Displays top 30 word possibilities with weighted scores
WordCloud display for fast visualization of suggested words
Handles and respects punctuation and special characters in user input
The size of data used by language model is 99.8Mb with an average bytes/ngram: 80.5 bytes/ngram; this guarantees fast performance and minimal loading time.
Instructions
The Underlying Algorithm
The model was trained using a random sample of 5% from the HC corpora containing English documents from twitter, blogs and news feeds (descriptive statistics).
Data for each N-gram (range of N = 4 - 1) collection is stored in hash tables (R data.table and spooky.32 for efficiency).
WordSeer employs a Markov process and is based on a modified “Stupid Backoff” algorithm (Brants 2007). Using all input N-grams (4-grams - 1-grams) it calculates the probability for all the words following that N-gram (MLE). These probabilities are summed across all N-gram collections (1 to k) to obtain a weight (W).

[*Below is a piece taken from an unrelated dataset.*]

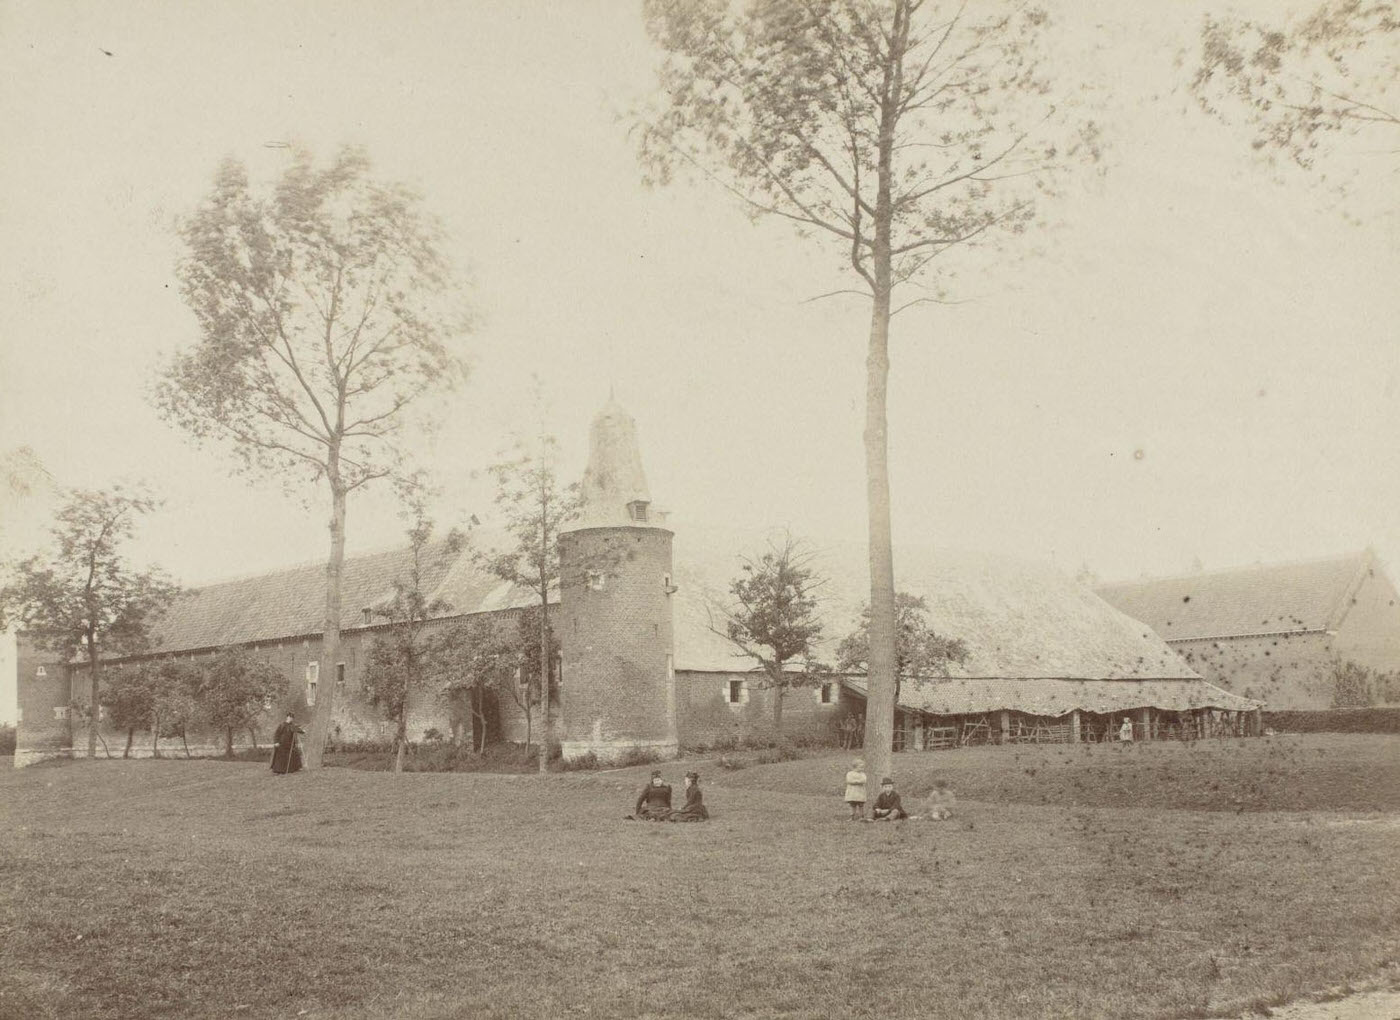 Harrelstein Farmhouse in Bunde, Seated Figures in Foreground, 1893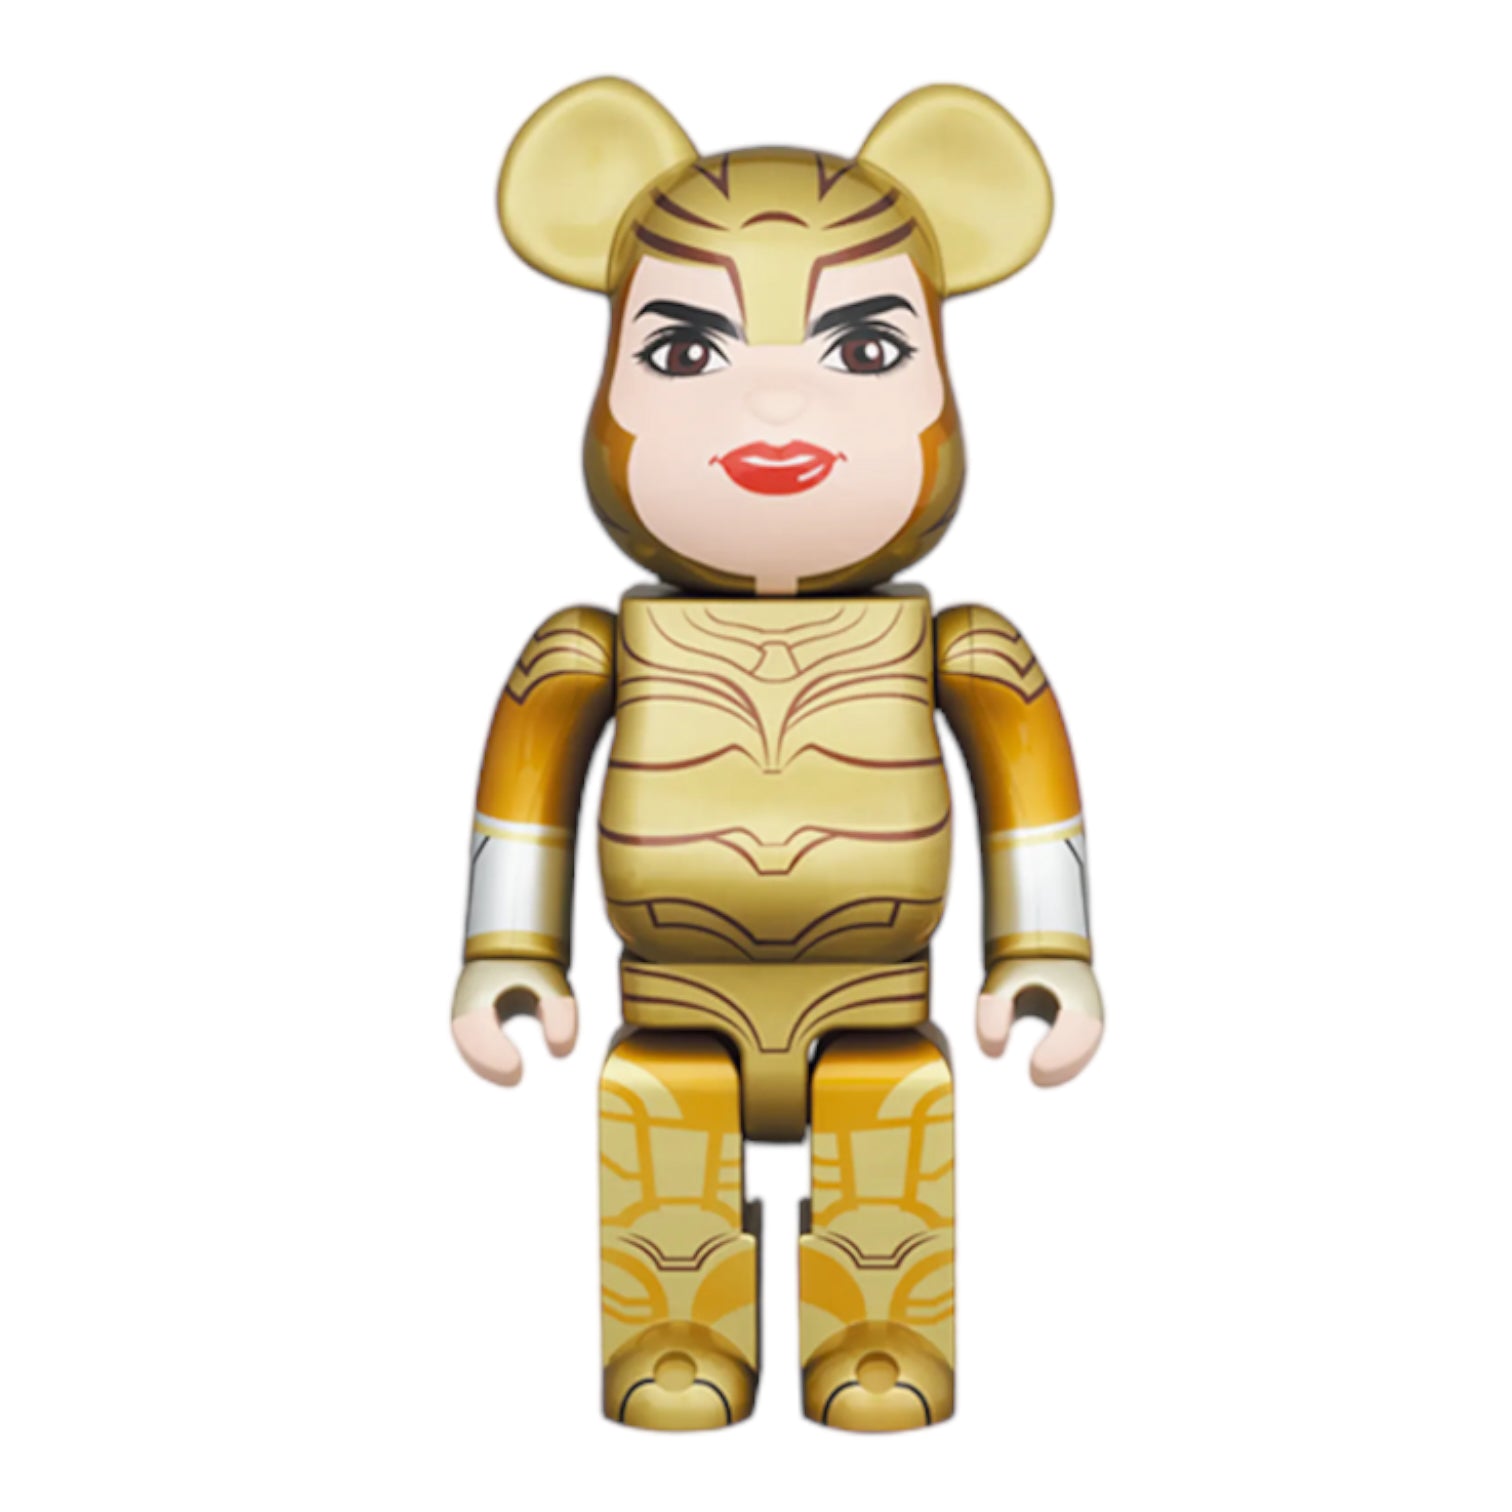 Bearbrick Wonder Woman Golden Armor 400% - Gold Collectible Figurine

\[ W_{word}=\sum_{n=1}^k(MLE_{word})_{n} \]
Further Exploration
Context information is discarded for n-grams where n > 4.
The average bytes per N-gram can be further decreased by storing unique words as numbers for the higher order M-grams.
Implementation of interpolation (Key-Neisser algorithm) may improve prediction accuracy but decrease performance.
Table of know contractions can allow for their use in the model.